U.S. Opens Door To Lawsuits Against Cuba

Secretary of State Mike Pompeo announced today that the Trump administration will permit U.S. citizens whose business properties were expropriated following the Cuban revolution in 1959 to seek legal recourse in American courts—if those businesses are on the “Cuba Restricted List.”
The list, created in 2017 by Trump administration officials, contains more than 200 stores, hotels and other enterprises administered by GAESA, a military-run conglomerate that oversees numerous Cuban companies in the tourism sector. U.S. citizens are prohibited from spending money with any organization on the list, which includes two rum companies (Ron Caney and Ron Varadero), and two new five-star hotels in Havana, The Packard and the Gran Hotel Manzana Kempinski.
According to the State Department announcement, foreign companies with business interests at those hotels, or other properties on the list, could now be sued in U.S. courts if U.S. companies, or Cuban-Americans in the U.S., had claims to ownership of those properties before the 1959 revolution.
The announcement marks a partial implementation of a clause in the 1996 Helms Burton Act known as Title III that permits legal recourse on “trafficked properties” in Cuba. Fearing thousands of lawsuits against companies from allied countries such as Canada, Germany, Mexico and Spain, the Clinton administration insisted on attaching a waiver clause to this section of the legislation, permitting U.S. presidents to waive, every six months, implementation of Title III. Since Clinton signed the bill, every president, including President Trump, has waived this section of the law.

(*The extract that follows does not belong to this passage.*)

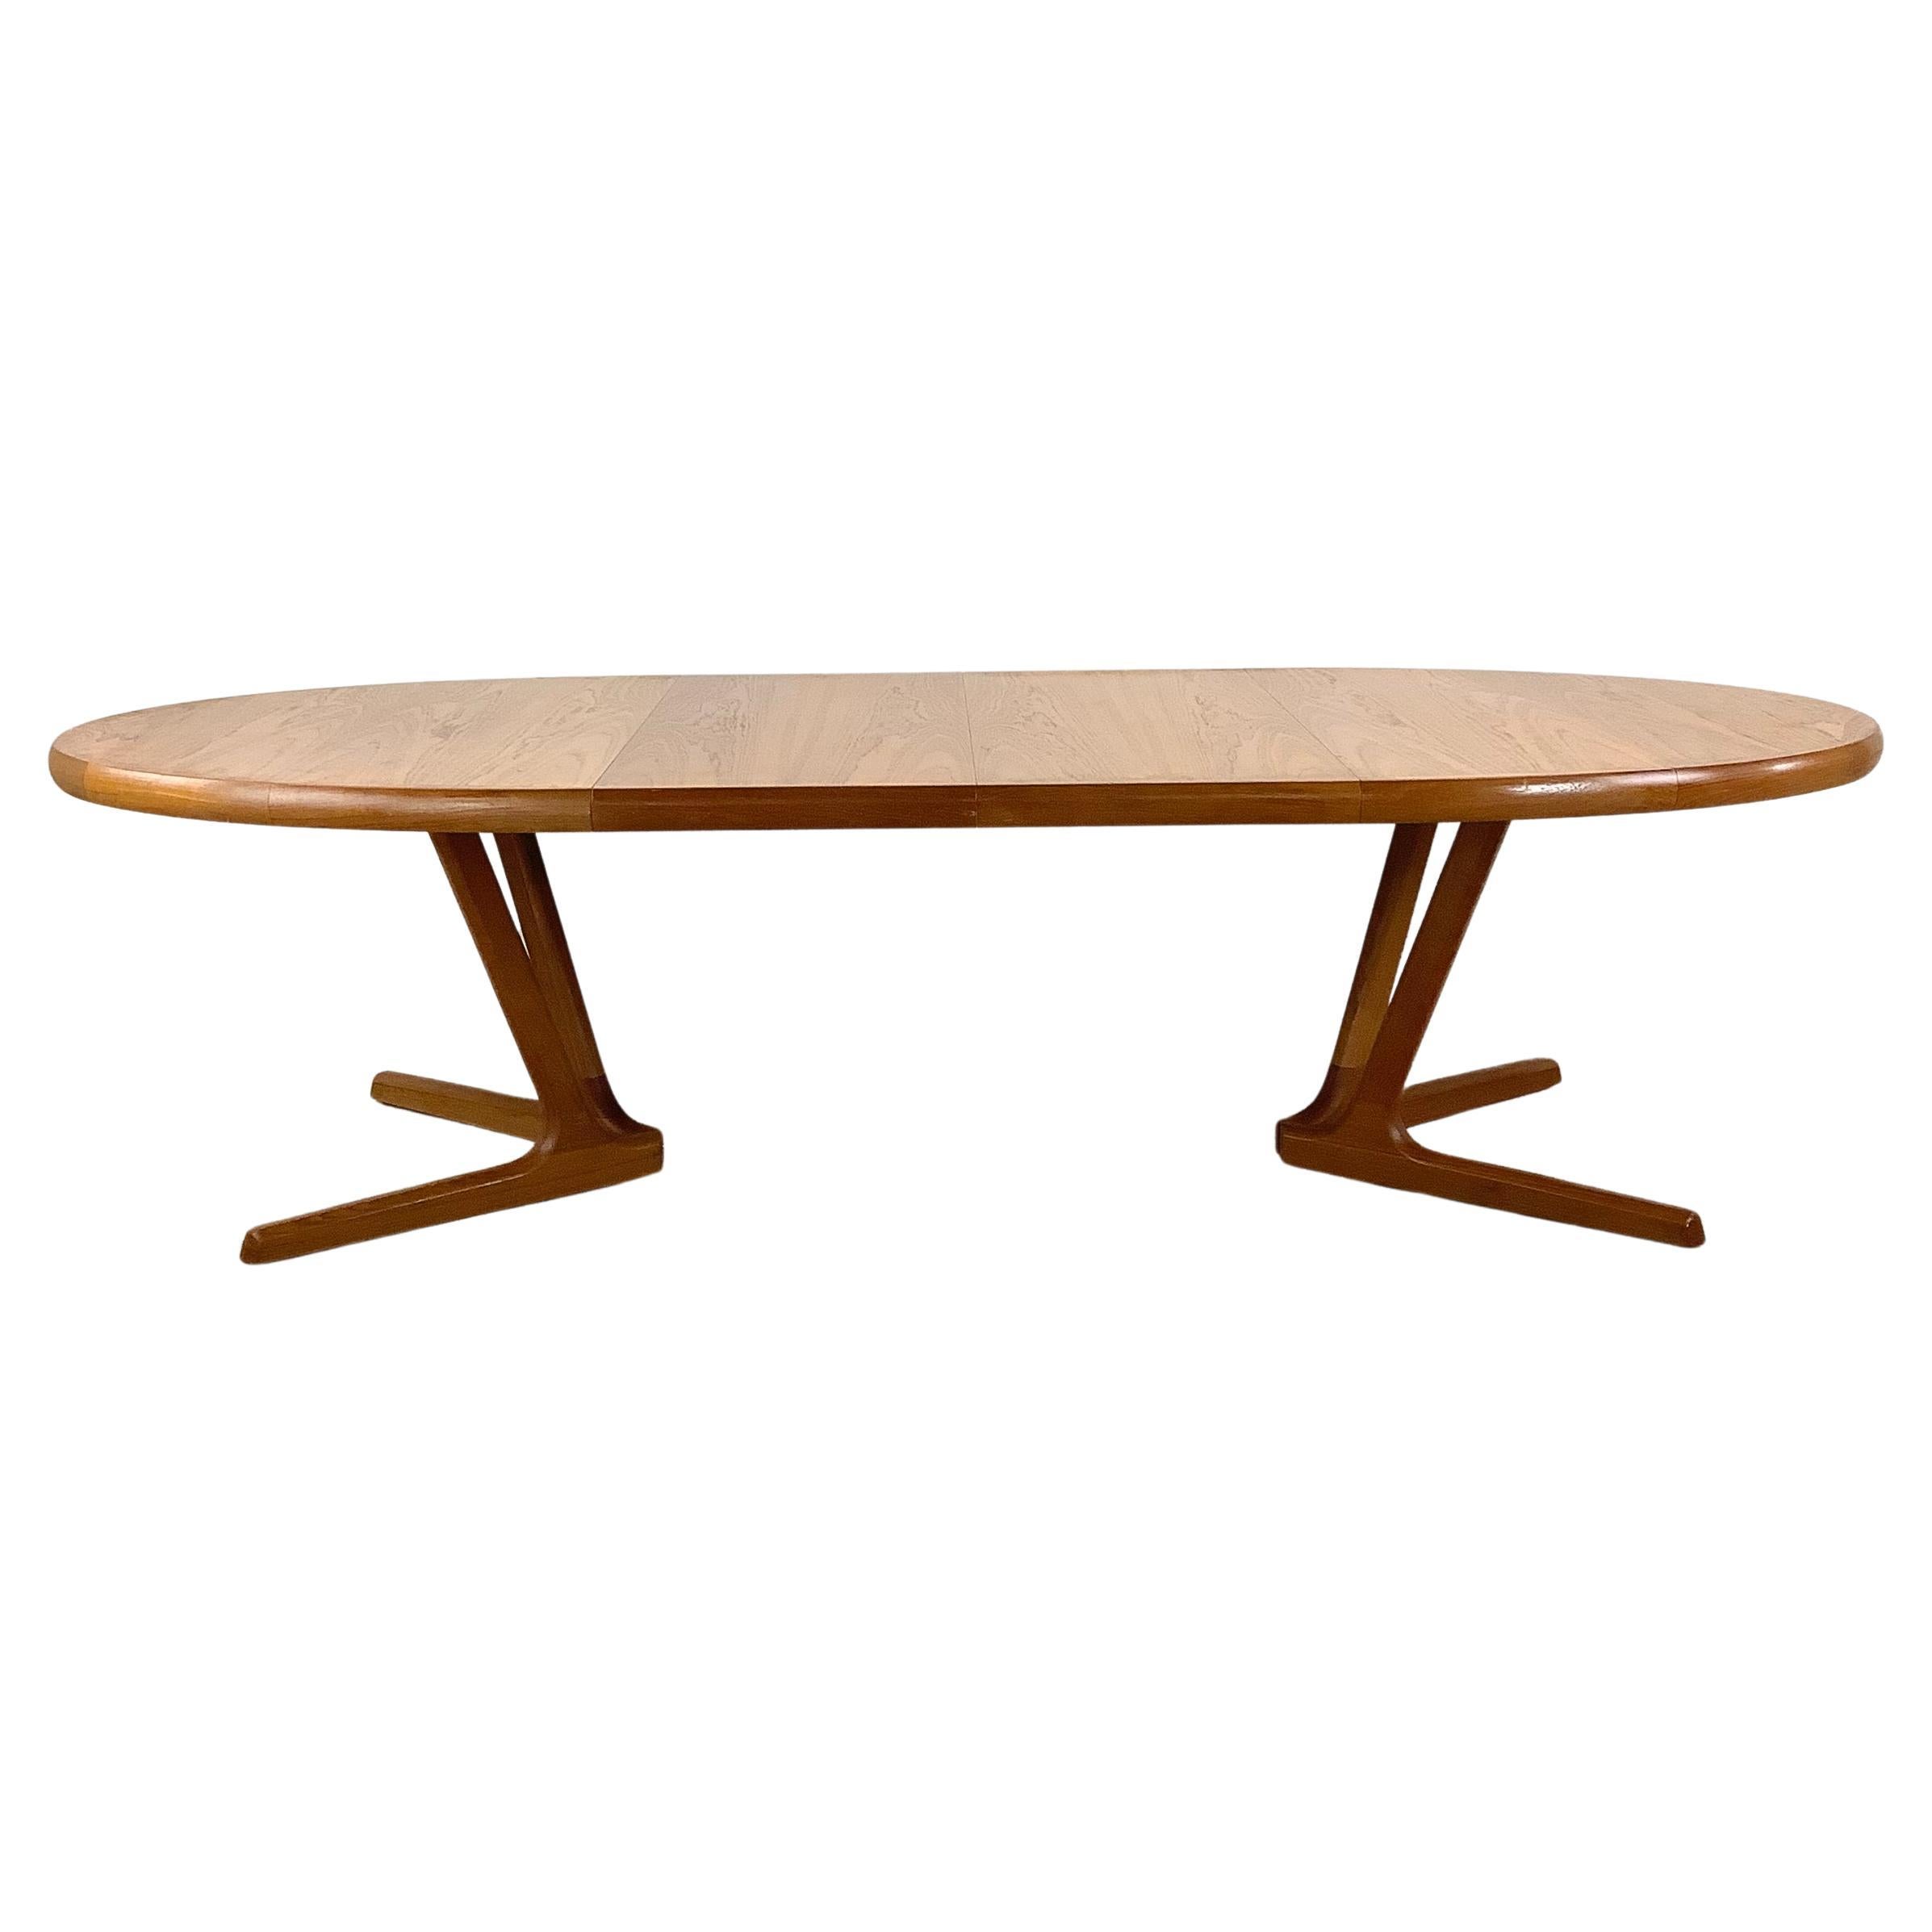 Scandinavian Modern Teak Oval Dining Table With Leaves

But in January, Pompeo announced that the State Department would only waive Title III for 45 days, instead of the customary six months—part of a strategy to pressure Cuba to cease support for the teetering government of Nicolás Maduro in Venezuela.
In a report to Congress today, Pompeo stated that the Trump administration would waive Title III for an additional 30 days, but would authorize “the right to bring an action,” starting on March 19, “against a Cuban entity or sub-entity identified by name on the State Department’s List of Restricted Entities and Subentities Associated with Cuba (known as the Cuba Restricted List).”
Today’s move marks the partial implementation of Title III, with the threat of full implementation later in the spring.
According to American University scholar, William LeoGrande, activating Title III would constitute “a quantum leap in hostility” in U.S. policy toward Cuba. The spate of litigation likely to ensue—the State Department predicted between 75,000 and 200,000 potential lawsuits in one report to Congress—would stifle much-needed foreign investment in Cuba and antagonize U.S. allies whose companies have been investing in Cuba for decades.
“If Trump activates the provision,” LeoGrande suggested, it would complicate “already rocky relations with Mexico, Canada, the European Union–and obviously Cuba–at a time when the U.S. needs their help to deal with the crisis in Venezuela.”
With a partial implementation of Title III, the Trump administration is attempting to scare off foreign investment with the threat of legal repercussions. “We encourage any person doing business in Cuba to reconsider whether they are trafficking in confiscated property and abetting the Cuban dictatorship,” Pompeo concluded in his statement.